We did the vegan ambassador thing for a couple of Thanksgivings and then we just got tired of the teasing and tired of making all this food that no one was eating. We decided to just bring our food, fix our plates and come out and sit with everybody. We’re not going to talk about it. We’re not going to explain why we eat this way, other than, ‘Oh, I’m vegan now.’ We’re not going to respond to the teasing.

Eventually, our relatives stopped teasing. We stopped being self-righteous and pressed about it. This is our food. That’s your food. You don’t have to eat what I eat. I don’t have to eat what you eat. The end.”

McQuirter says it gets easier, but much of a peaceful social transition begins with “you.” “You have to be easy about it. At first, all you’re focused on is ‘I’m being different and people are going to call me out or ask questions or I’m going to be tempted. You just have to work through that.”

Knowledge is one key to an easy transition. The more you know about meat, how it comes to our plates and what animal products can do to our bodies, the less likely you are to succumb to temptation, McQuirter says–actually, the less likely you are to even be tempted. “You can sit at a table with folks eating fried chicken and not want it.”

But being smart about animal products doesn’t equal proselytizing. McQuirter stresses that there is no need to judge others or climb on a soapbox. Don’t be tiresome. “I never discuss food and nutrition at the table.”

Certain foods may provide “handles” to friends, family and culture, but new links can also be forged. I can reject the Standard American Diet and meat, without rejecting the things that are truly important to me.

Safran Foer writes:

“Our decisions about food are complicated by the fact that we don’t eat alone.

Some of my fondest memories are of weekly sushi dinners with my best friend; and eating my dad’s turkey burgers with mustard and grilled onions at backyard celebrations; and tasting the salty gefilte fish at my grandmother’s house every Passover. These occasions simply aren’t the same without those foods and that matters.

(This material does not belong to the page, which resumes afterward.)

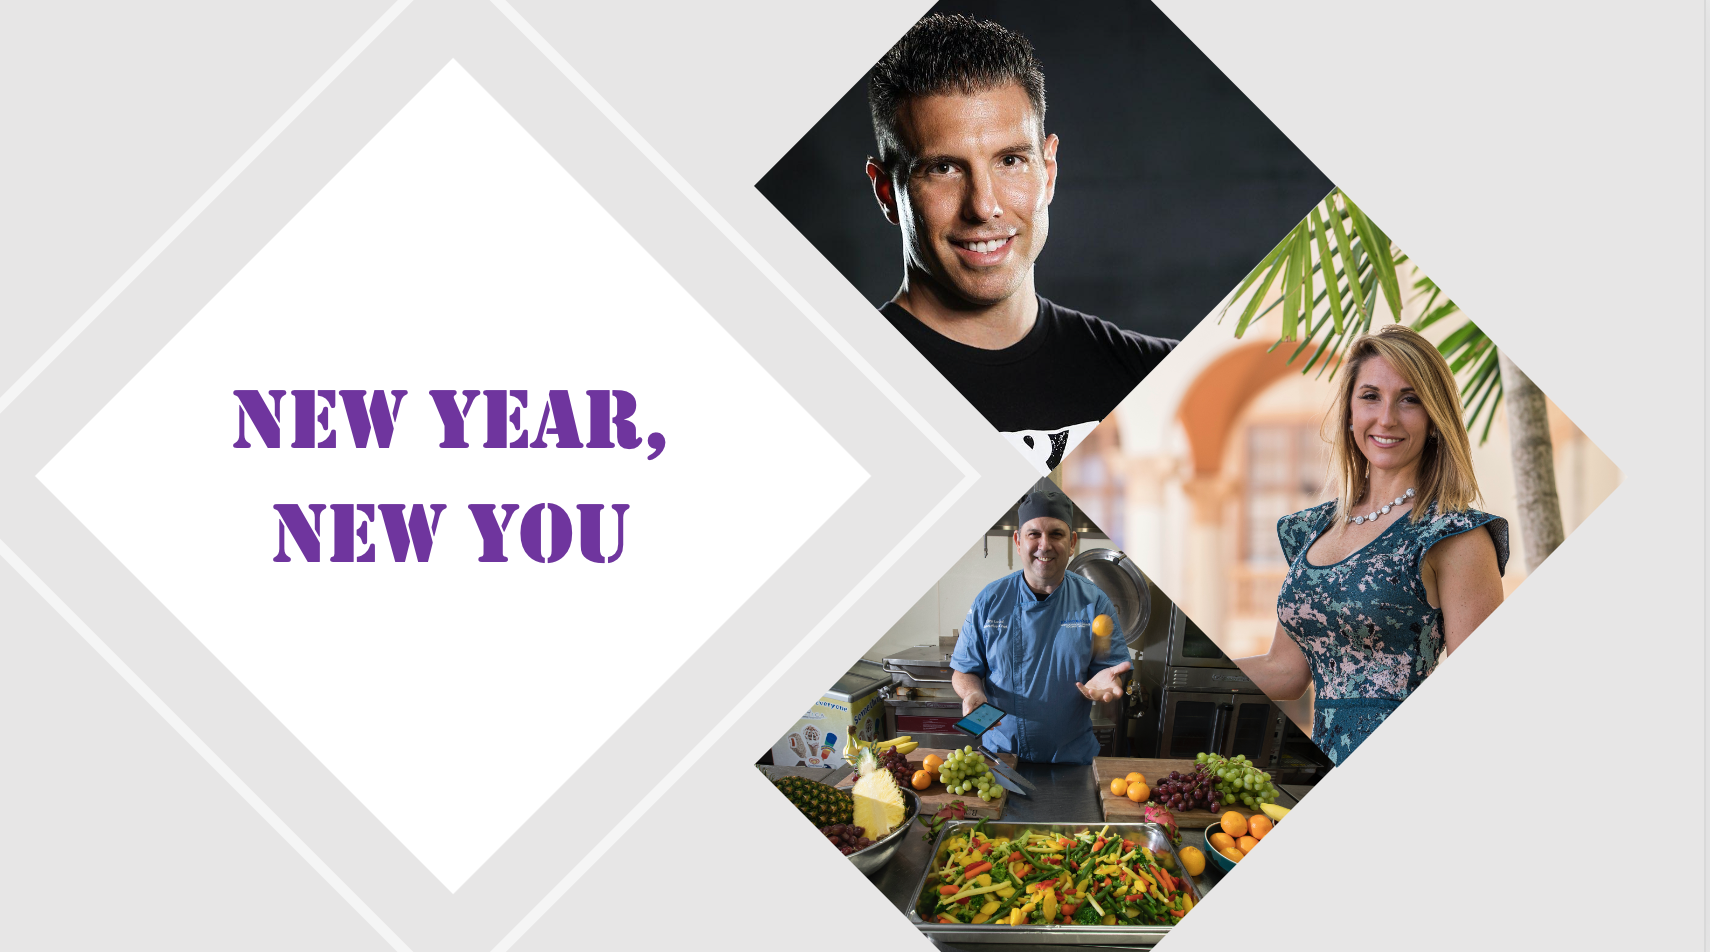 New Year, New You: the Power of Fitness, Nutrition & the Culinary Arts

To give up the taste of sushi or roasted chicken is a loss that extends past giving up a pleasurable eating experience. Changing what we eat and letting tastes fade from memories create a kind of cultural loss … a forgetting. But perhaps this kind of forgetfulness is worth accepting — even worth cultivating.”

To me, a little loss is worth not succumbing to the diabetes and high blood pressure that are common in my family. It is worth it to me to not add to the destruction of the environment or the suffering of animals.

Safran Foer continues, “Recently my friend and I started eating veggie sushi and going to the Italian restaurant next door. Instead of the turkey burgers my dad grills, my children will remember me burning veggie burgers in the backyard. At our last Passover, gefilte fish held a less central place, but we did tell some stories about it.”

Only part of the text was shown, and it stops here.